Since knowing Ruuel isn't there is still my dominant sensation on waking, I've taken to lying in bed for a while each morning trying to sense his location.  My range is expanding, but the Setari quarters – including my own – all have various levels of shielding on them, and till now I've only be able to feel people if they're in the corridor on this or the next level up.  This morning I knew Lohn was in his room, though, so it is possible for me to sense through their shielding.

And I can tell when Ghost is in my room, even when she's invisible.  Something I've no intention of admitting.

Today's test was a fictional place, a magnificent underground hall with intricate and gorgeous murals on the walls and an incredible puzzle-pattern floor.  Ruuel didn't tell me it was fiction beforehand, and it took longer for me to get any kind of mental image of it, but it still worked, producing a lot more detail than Ruuel had read from the novel the test was based on.  I didn't get so immediate and overwhelming a headache the instant I opened my eyes this time, though the world went very blurry – two images overlaid on each other.  The hall had an immense floor to ceiling wind chime, but no wind to blow it.  Ruuel went over and touched it and it actually shifted in response.

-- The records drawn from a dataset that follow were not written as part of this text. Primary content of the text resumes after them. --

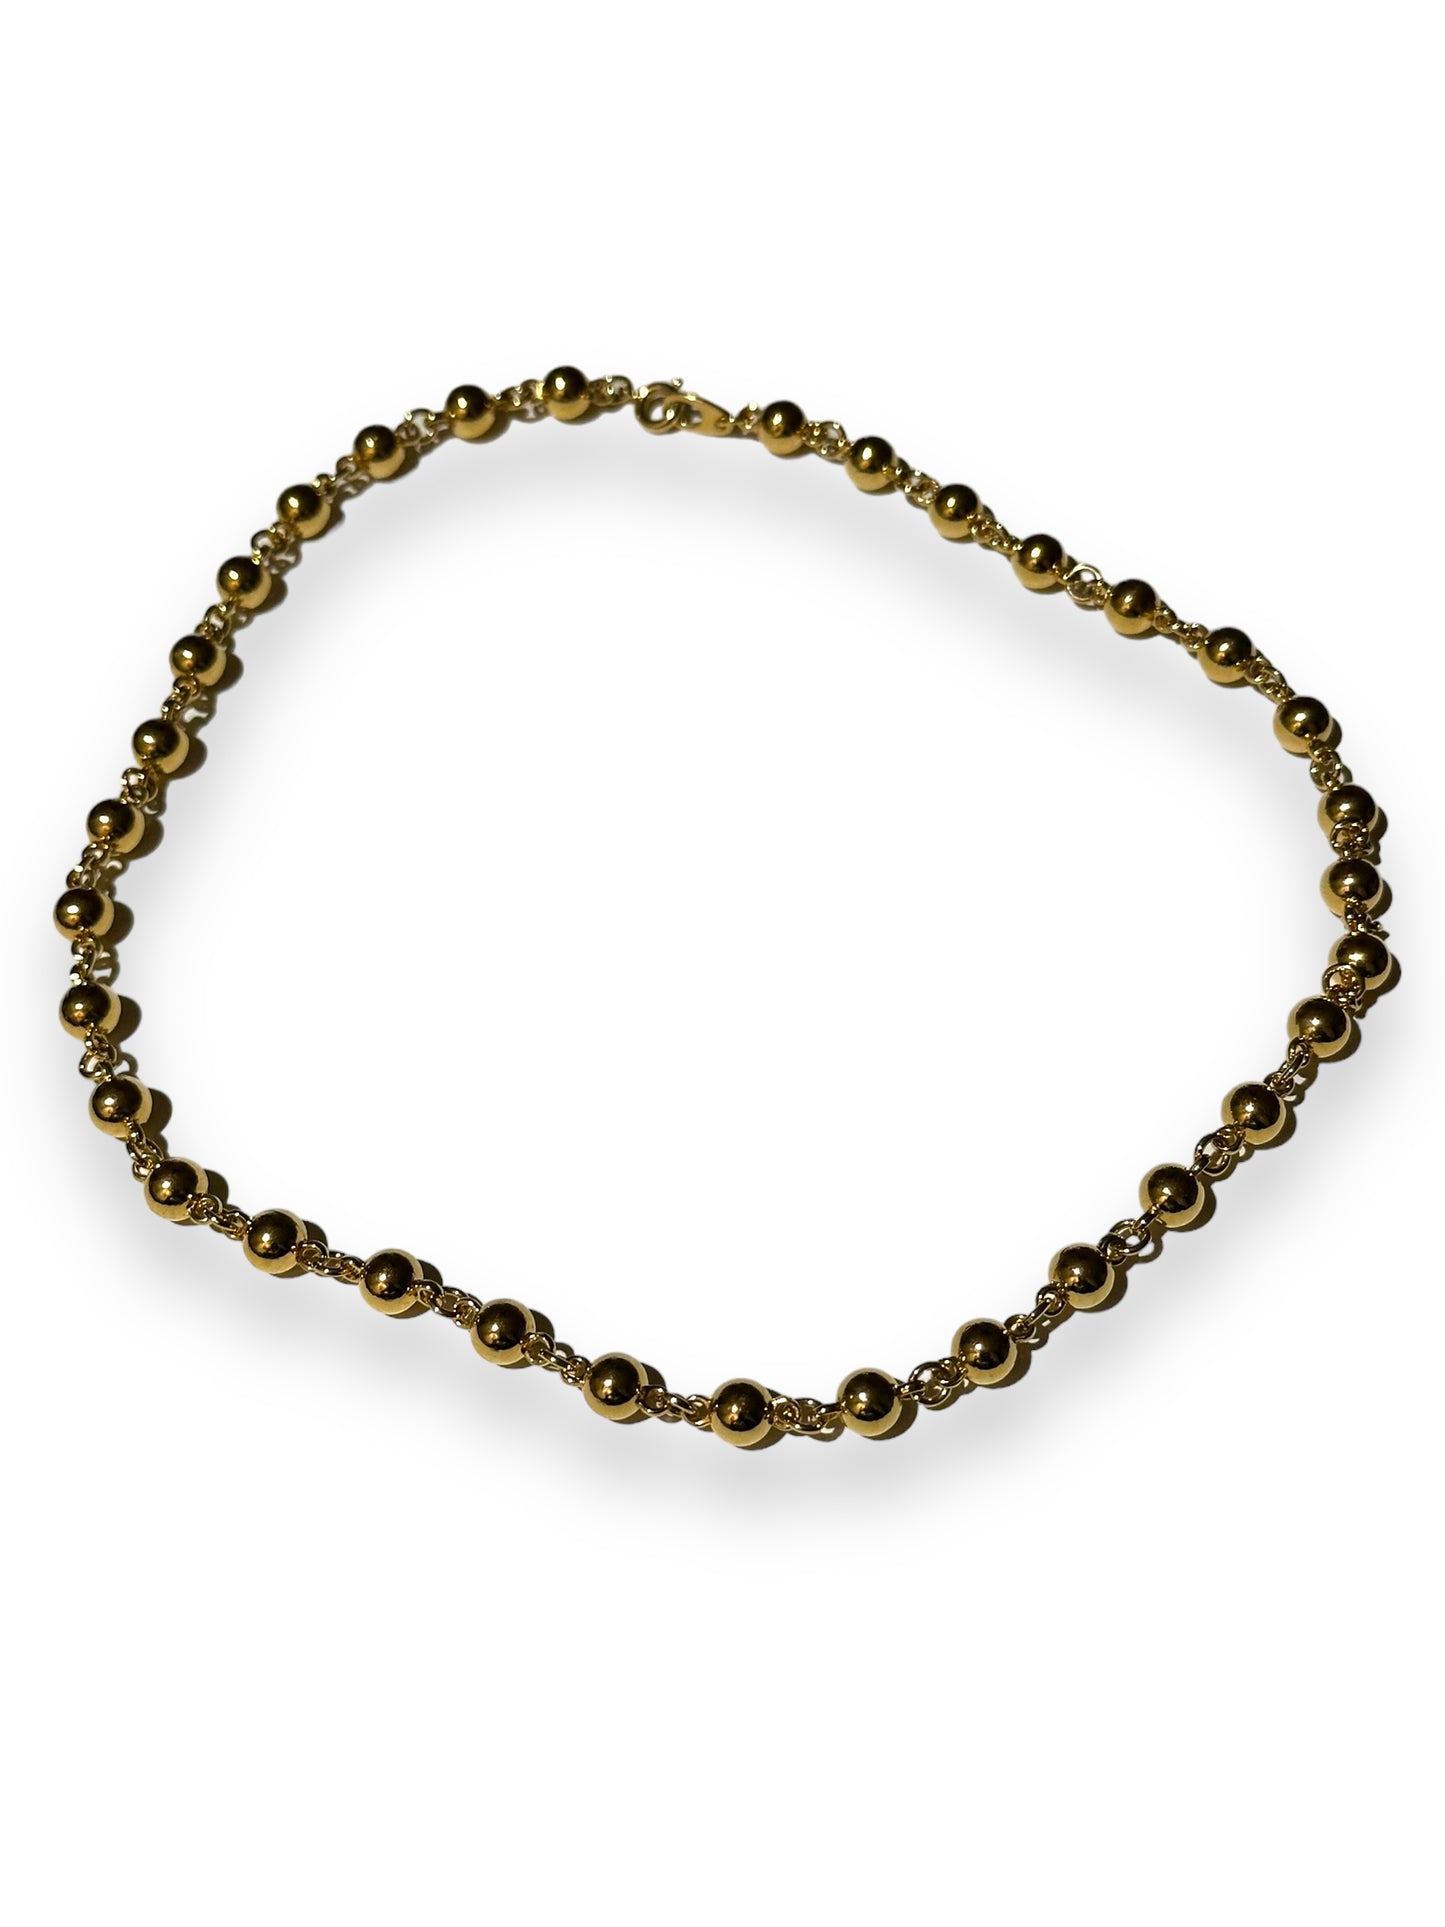 Vintage Gold Bead Link Necklace (Unsigned)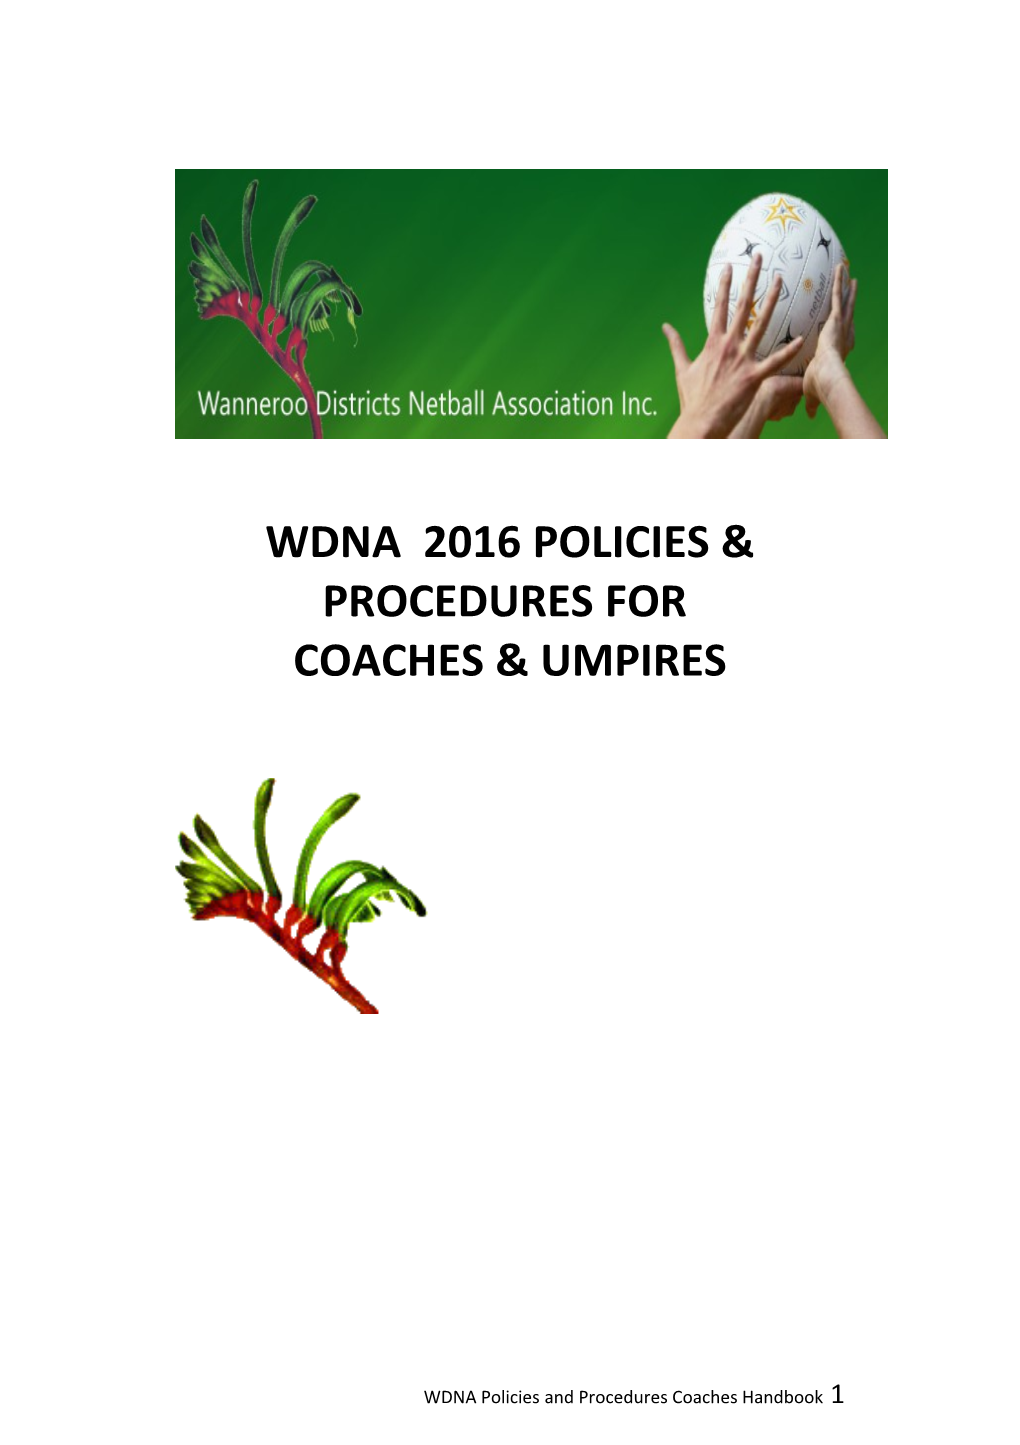 Wdna 2016 Policies & Procedures for Coaches & Umpires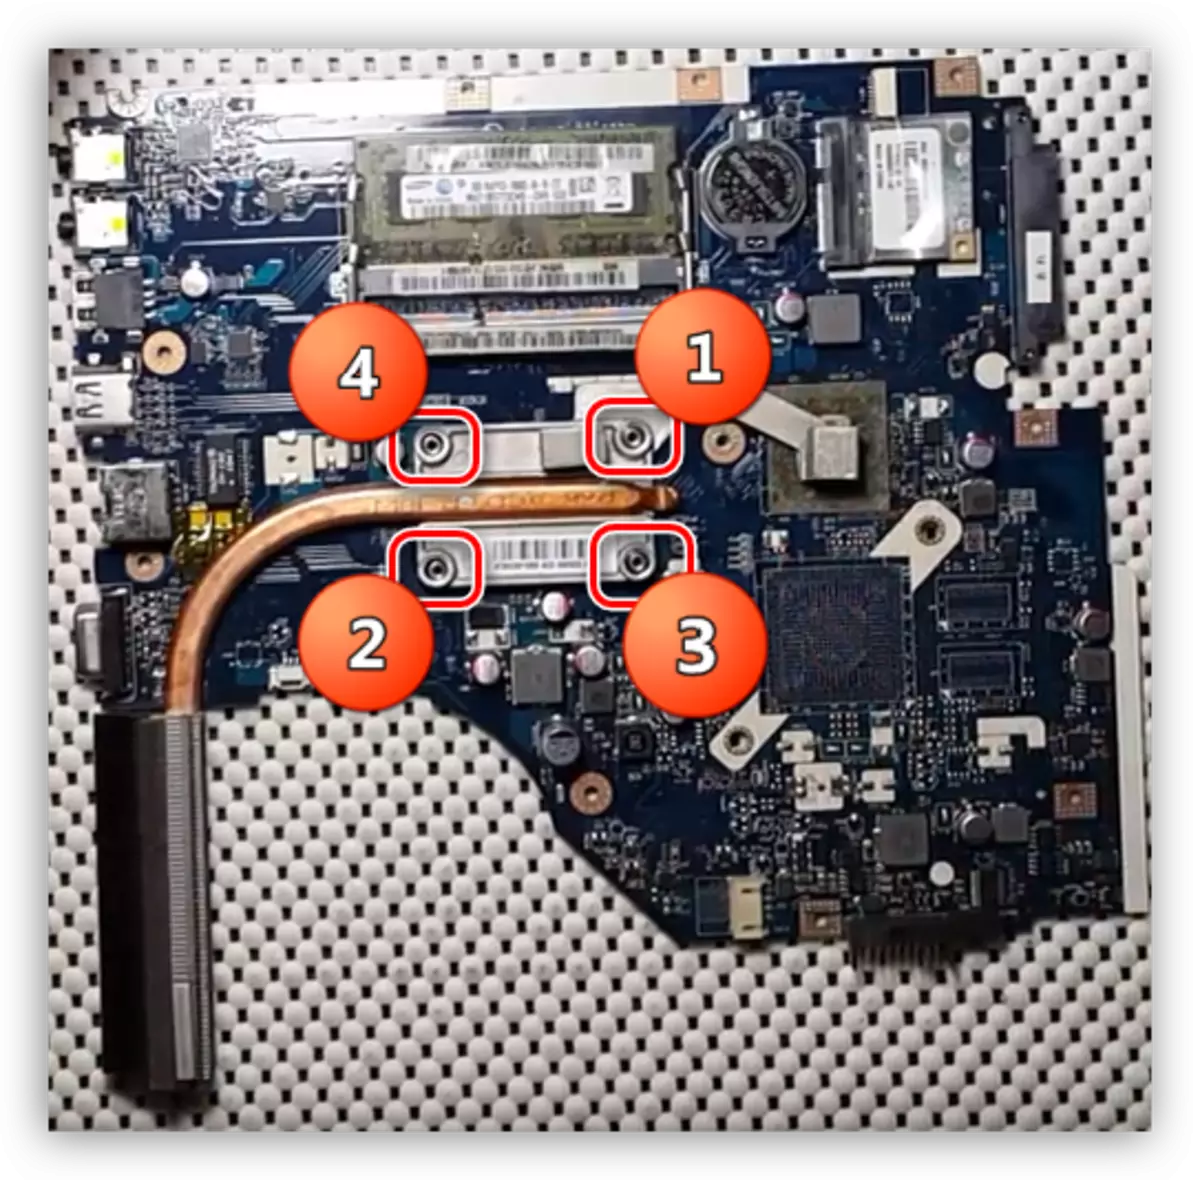 एसर अस्पायर 5253 लैपटॉप शीतलन प्रणाली पर स्क्रू स्क्रू प्रक्रिया

There were people who came along as part of the room, though they hadn't been in Ruuel's description at all.  Very grand and noble sorts, who didn't seem able to measure their clothes, which were all hanging sleeves and trains and twice as much fabric as necessary.  When Ruuel touched the wind chime, they all looked at him, which startled me enough that I stopped concentrating on maintaining the image – which was good because I really felt myself stop that time.  Though I could have lived without the headache afterwards.  It felt like someone had smacked a huge gong right behind my eyes, and I had to lie still until Ista Chemie's medicking had taken the edge off.

"The scans are showing four distinct areas of brain activity," Ista Chemie said, while I was sipping one of the horrible restorative drinks she insists on giving me.  "One only activates when you open your eyes while the others are in effect.  Can you describe what you experience then?"

"Pain."

Ruuel gave me a captain-look, so I shrugged and added: "Two images overlaid, and a sense of...dissonance? It wasn't too bad this time until you touched the wind-chime and they all looked at you."

Ruuel frowned, then said: "Reviewing log."

I'll never get used to someone accessing the world through my eyes.  Ruuel didn't give much away, just stared into the distance abstractly for a minute, then said calmly: "The people weren't visible to us.  You're seeing both the image in this world, and the one in the Ena.  The drone set at this location in near-space should confirm that."